All payments shall be made in lawful money of the United States of America at the principal office of the Lender, or at such other place as the holder hereof may from time to time designate in writing to the Company. All payments shall be credited first to the accrued interest then due and payable and the remainder applied to principal.
At any time commencing December 31, 2007 or earlier in connection with the Company’s prepayment hereof or the occurrence of a “Sales Event” as defined below, the Lender shall have the right, in its sole and absolute discretion, to convert all or any portion of the unpaid principal of and interest on this Note into shares of the equity securities of the Company or any successor to the Company of any class or classes issued by the Company or its successor prior to the date of the Lender’s election. Except as provided below with respect to an automatic conversion upon the occurrence of an IPO (defined below), the number of shares of such equity securities to be issued upon such conversion shall be equal to the quotient obtained by dividing (a) by (b), where (a) is the outstanding principal and accrued interest of this Note (or such portion as will be converted), and (b) is (i) the lowest price per share that equity securities in any such class have been issued by the Company, or (ii) if no such shares have been issued, then at One Hundred and no/100 Dollars ($100) per share. The conversion price will be subject to adjustment to provide the Lender with full antidilution protection in the case of any stock splits, recapitalizations or changes in capital structure of the Company or the issuance of options, warrants, or other rights to acquire or convertible into equity securities of the Company excluding only options, warrants, rights or other equity-based awards issued as part of reasonable compensation plans approved by the Company’s Board of Directors. Shares issued for consideration other than cash shall be deemed to be issued at the fair market value of the consideration given for them.
The first day on which both of the following transactions shall have been consummated shall be referred to herein as the “IPO Conversion Date”: (a) the initial sale by Approach Resources Inc., a Delaware corporation, of shares of its common stock, par value $0.01 per share
(the “Approach Common Stock”), to the public pursuant to a registration statement under the Securities Act of 1933, as amended (“IPO”), and (b) the exchange of all outstanding shares of Company Common Stock for shares of Approach Common Stock and the consummation of the other transactions contemplated by the terms of a contribution agreement by and among Approach, the Company and certain other parties thereto (the “Contribution Agreement”). Notwithstanding anything to the contrary contained herein, this Note shall, on the IPO Conversion Date, automatically and without further action required by any person, convert into shares of Approach Common Stock. The number of shares of Approach Common Stock to be issued upon such automatic conversion shall be equal to the quotient obtained by dividing (a) by (b), where (a) is the outstanding principal and accrued interest of this Note, and (b) is the initial public offering price per share, less any underwriting discount per share for the shares of Approach Common Stock that are issued in the IPO. The shares of Approach Common Stock issued to Lender upon any automatic conversion of this Note shall be entitled to the same registration rights as those provided to holders of shares of Company Common Stock whose shares are exchanged into shares of Approach Common Stock pursuant to the Contribution Agreement. Approach shall execute an agreement with the Lender reflecting those rights on or prior to the IPO Conversion Date.

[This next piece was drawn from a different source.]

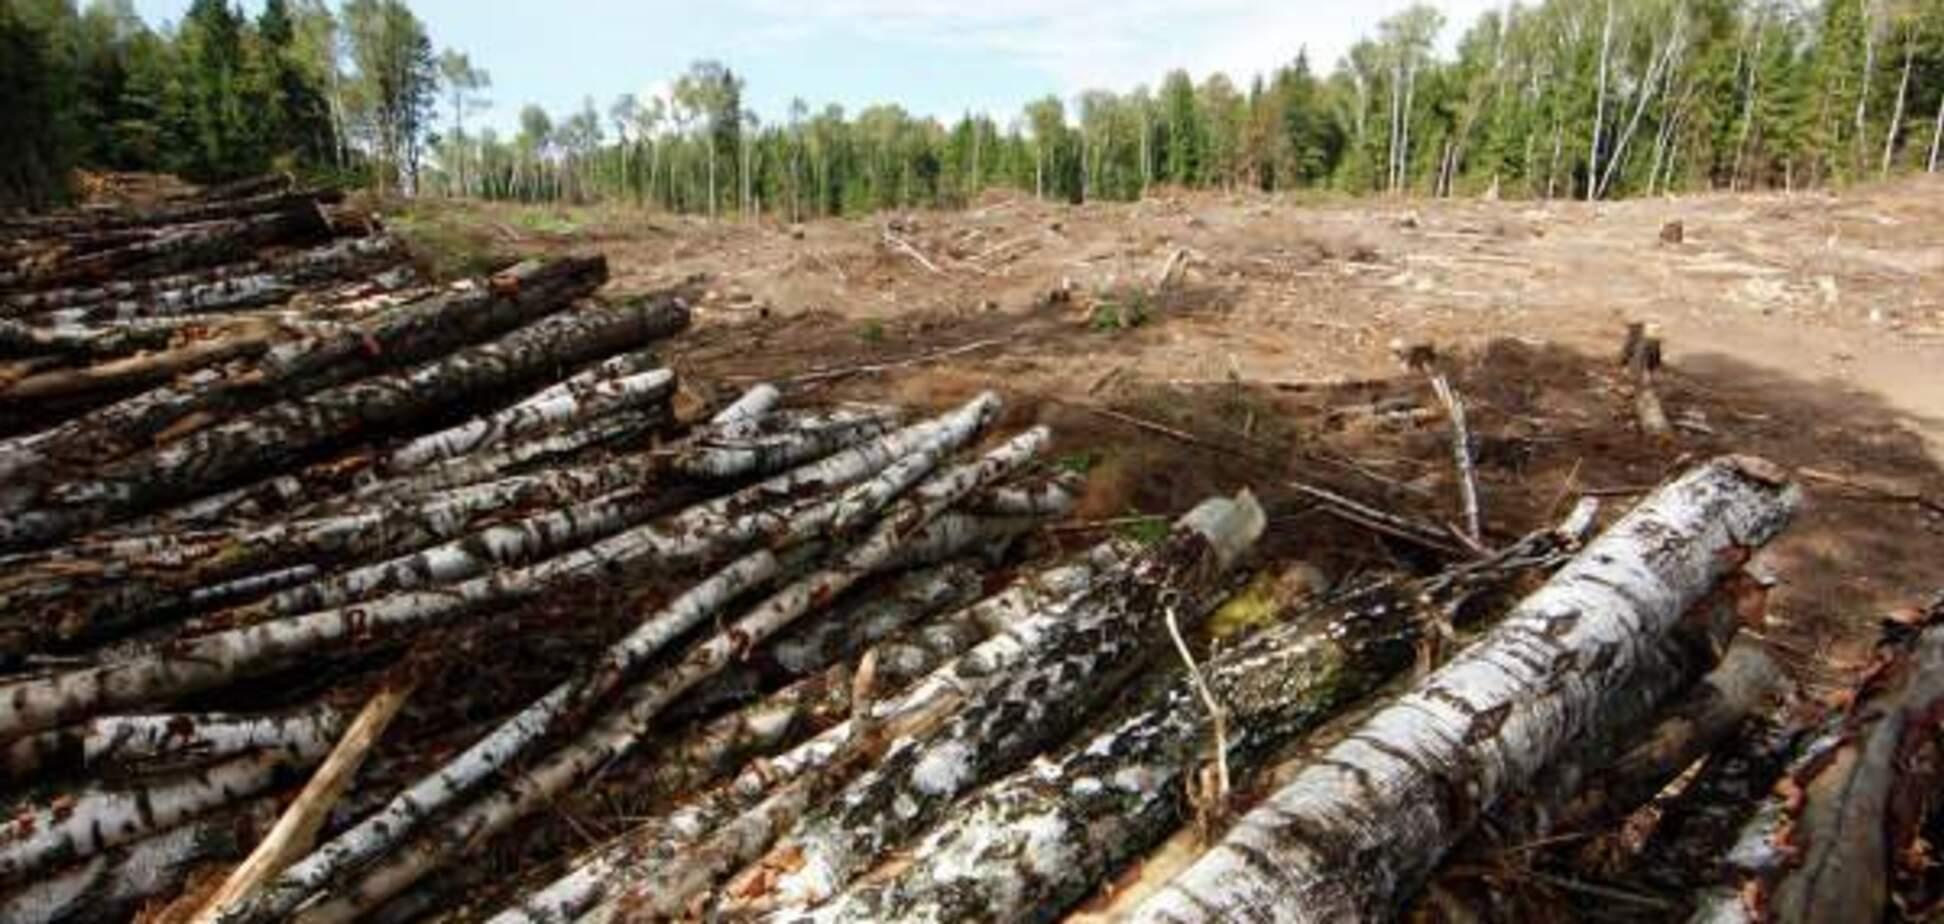 Закон о контрабанде леса могут не подписать, на Порошенко уже вышли люди, - Галасюк

The Lender shall be granted no less protective rights with regards to such shares of equity securities (including preferences and voting rights) acquired pursuant to the conversion of this Note as are granted to any other holder of such shares of equity securities. If only a portion of this Note is converted into equity securities, the Company shall return this Note to the Lender with a notation thereon of the remaining outstanding principal of this Note or, at the request of the Lender, shall issue and deliver to the Lender a replacement convertible secured promissory note for the remaining outstanding balance hereof, such Note containing the same material terms as set forth herein. The issuance of certificates for shares of equity securities upon conversion of this Note will be made without charge to the Lender for any issuance tax in respect thereof or other cost incurred by the Company in connection with such conversion and the related issuance of shares of equity securities. Upon conversion of this Note, the Company will take all such actions as are necessary in order to ensure that the shares issuable with respect to such conversion will be validly issued, fully paid and nonassessable.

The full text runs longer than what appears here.